From “The Rolling Stone Record Guide” published by Random House/Rolling Stone Press in 1979
Even the most music interested among us can sometimes get lost in all the different labels music journalists and record companies choose to put on recordings. This glossary may help you find your way in this label jungle. As you can see from the text above here this glossary is from 1979 and as this is a retro blog that works alright for me. Besides, any music styles that has emerged since then is of little interest to me, with the possible exception of neo-classic country. I’m sorry to say that dance, trance, hip-hop, rap and the rest simply don’t do it for me – Ted
Trad Jazz: British term for traditional New Orleans jazz, or its corruption (the latter is called Dixieland in the U.S.). Played by relatively small groups, patterned after the World War 1 New Orleans groups of King Oliver, etc. Trad jazz bands led by Chris Barber, Ken Colyer, Mick Mullian and others contributed such figures as Alexis Korner and Lonnie Donegan to the early British skiffle and R&B scene. It was associated with bohemian culture and left politics, but the rise of British rock was also a reaction to its purism, and to the fact that, with the success of Acker Bilk, Colyer‘s saxophonist the genre had merged with the pop mainstream.

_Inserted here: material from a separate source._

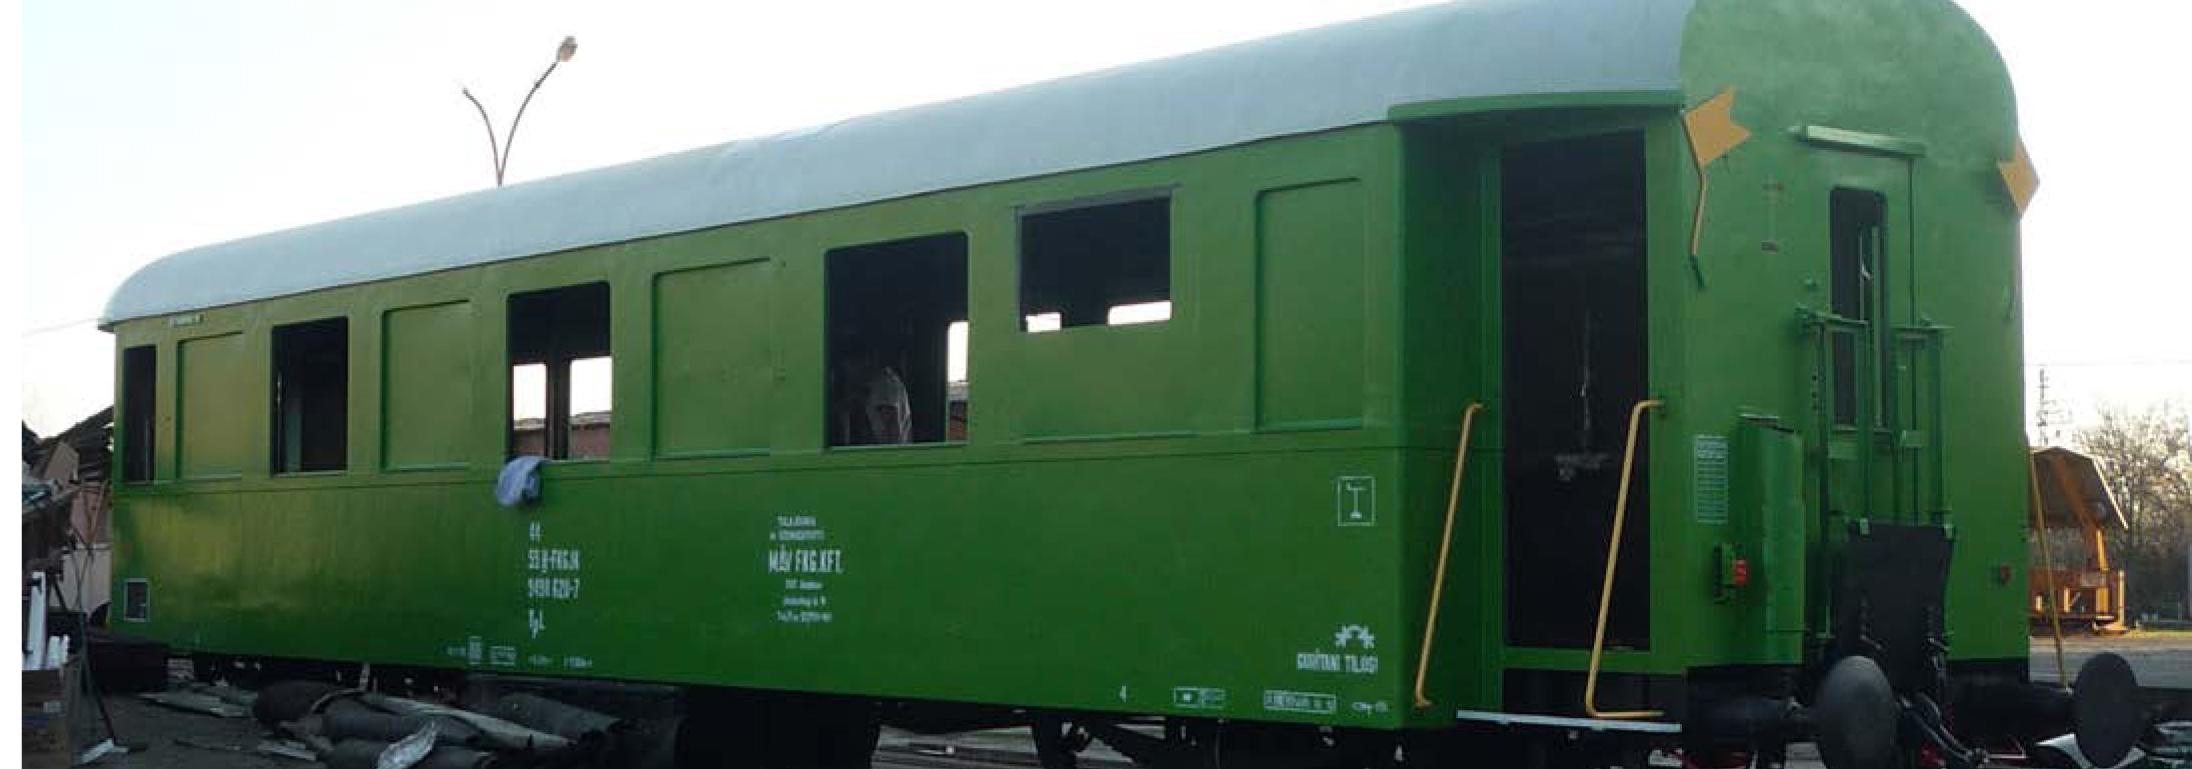 Guruló (majdnem) passzív házak a vasútnál

Wall of Sound: Pop production style, devised by Phil Spector, in which the individual articulation of each instrument is deliberately obscured to create a massed effect.
Western Swing: Country music influenced by jazz, as played by Texas-Oklahoma string bands of the Thirties through the Fifties. Under the influence of Bob Wills and some others, such groups added horn sections and created what is also known as hillbilly jazz. Most groups had fiddlers, steel guitarists, horns, regular guitarists, voices, banjos and upright bass. In addition to traditional fiddle music, the Western swing repertoire encompassed jazz and pop standards and even some blues. This was of course primarily dance music, and it enjoyed wide popularity throughout the Southwest. The genre had a wide influence on country music in general, opening it to newer sources of inspiration, although today few groups (the exceptions are the remnants of Wills’ Texas Playboys and the country-rock band Asleep at the Wheel) actually play it.